• [WORK ITEM] All of the listing should be output exactly, apart from the pictures.

• [DATA EXCERPT]
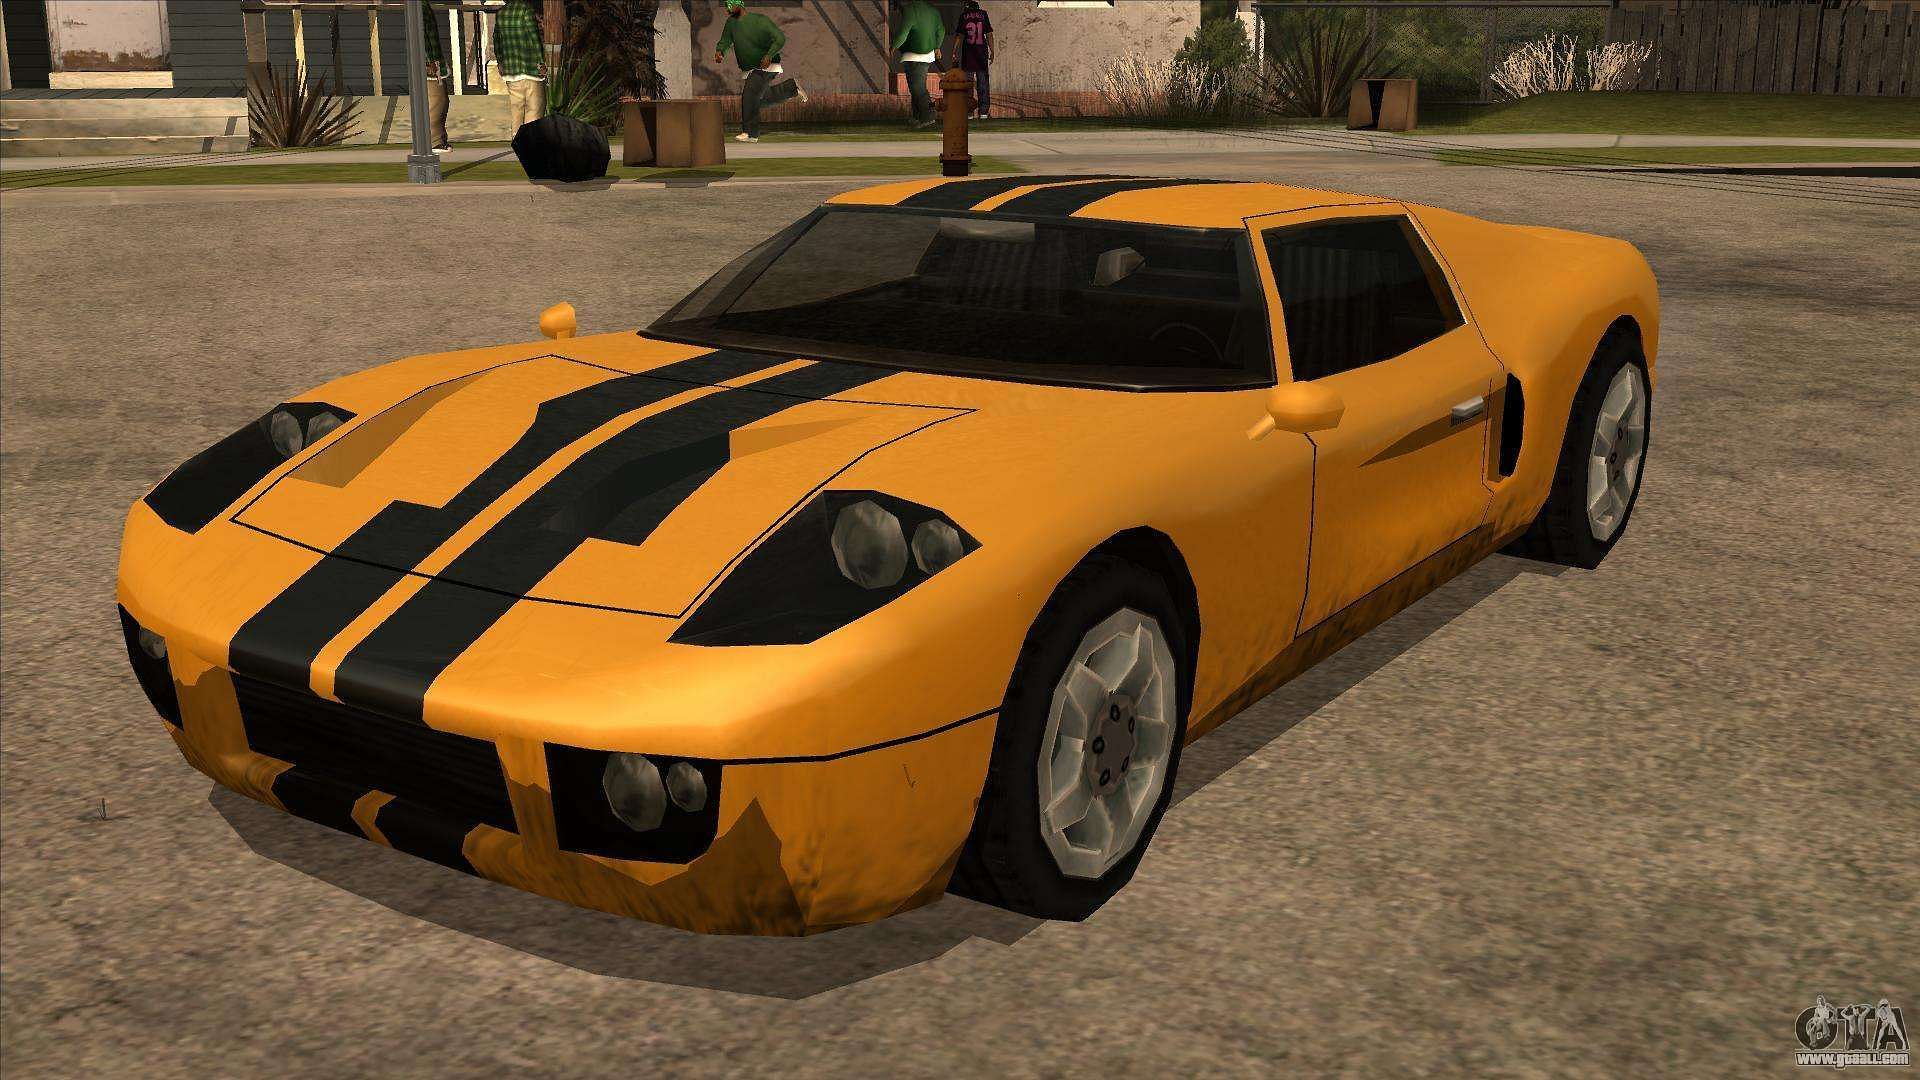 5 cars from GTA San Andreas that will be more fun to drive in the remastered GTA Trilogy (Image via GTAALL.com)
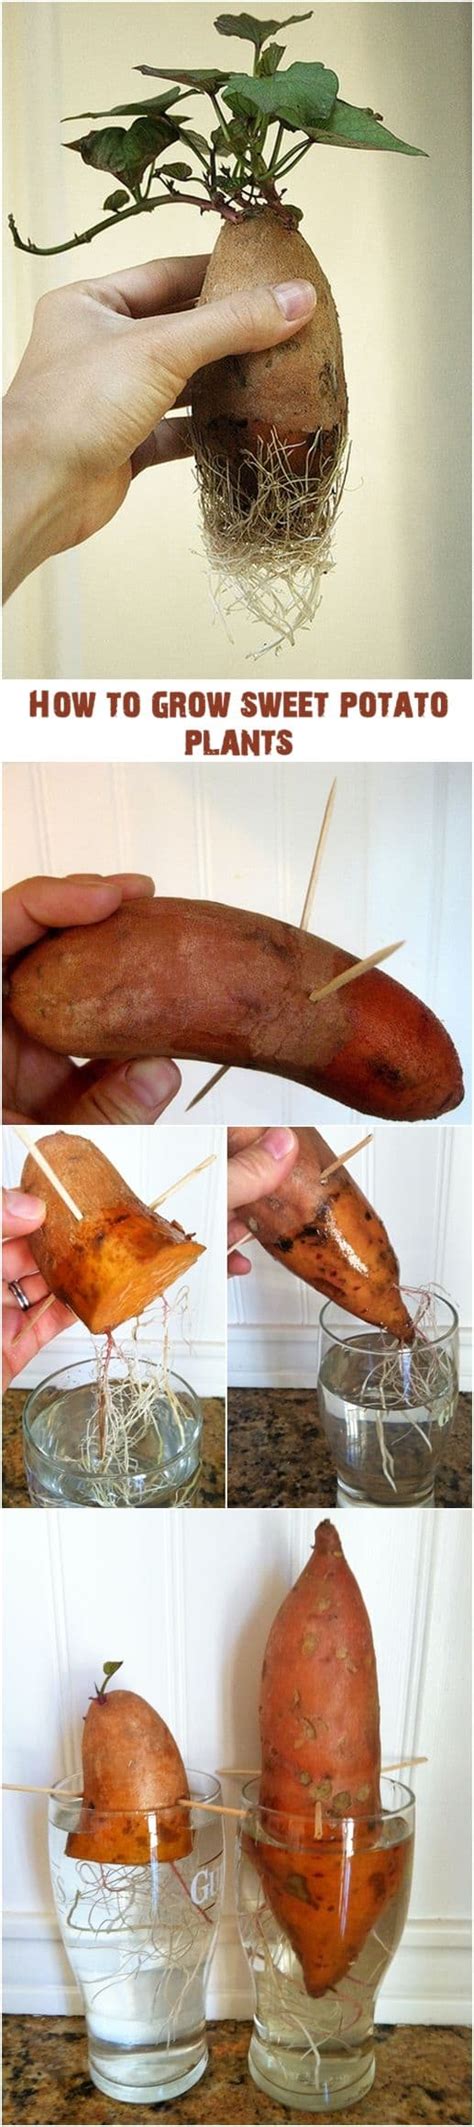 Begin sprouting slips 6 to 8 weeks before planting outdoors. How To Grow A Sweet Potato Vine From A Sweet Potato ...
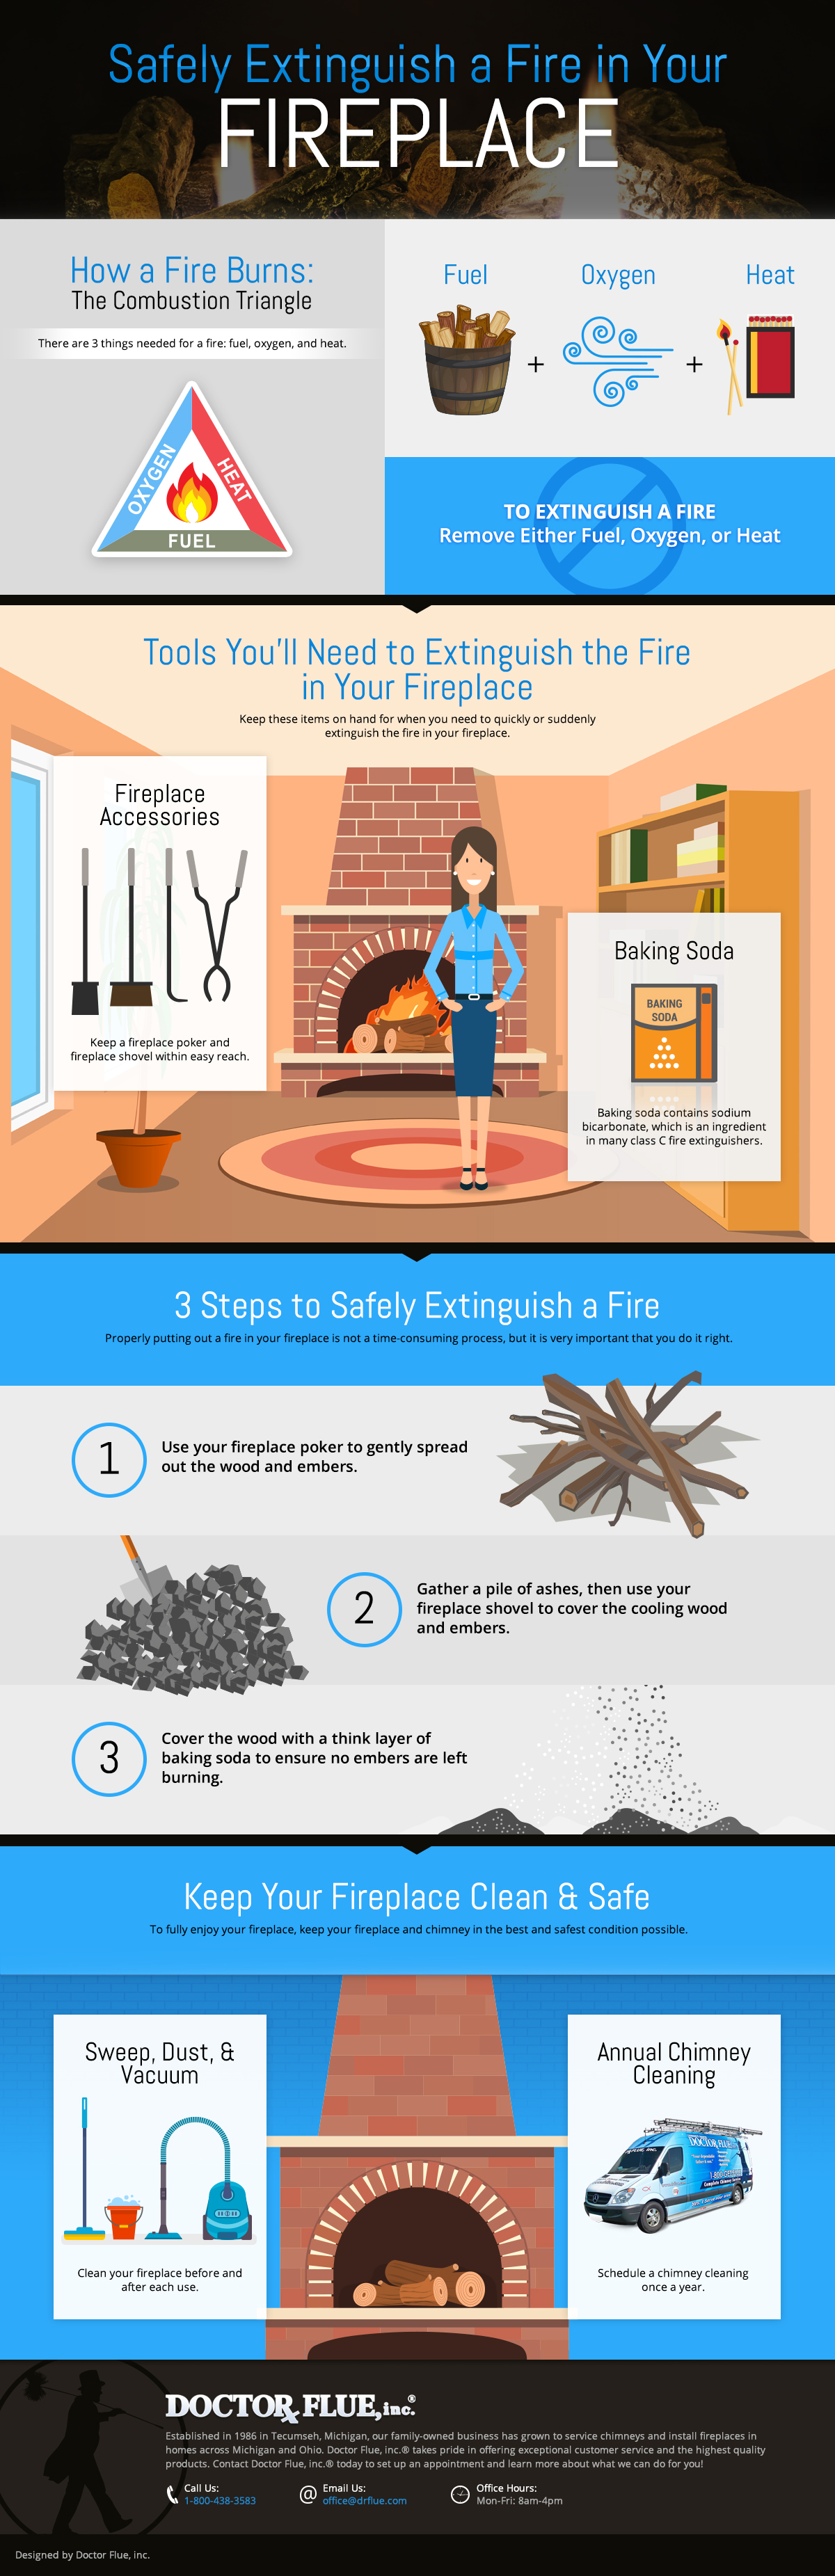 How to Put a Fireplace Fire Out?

• [RESULT FOR THIS EXERCISE]
 5 cars from GTA San Andreas that will be more fun to drive in the remastered GTA Trilogy (Image via GTAALL.com)
 Begin sprouting slips 6 to 8 weeks before planting outdoors. How To Grow A Sweet Potato Vine From A Sweet Potato ...
 How to Put a Fireplace Fire Out?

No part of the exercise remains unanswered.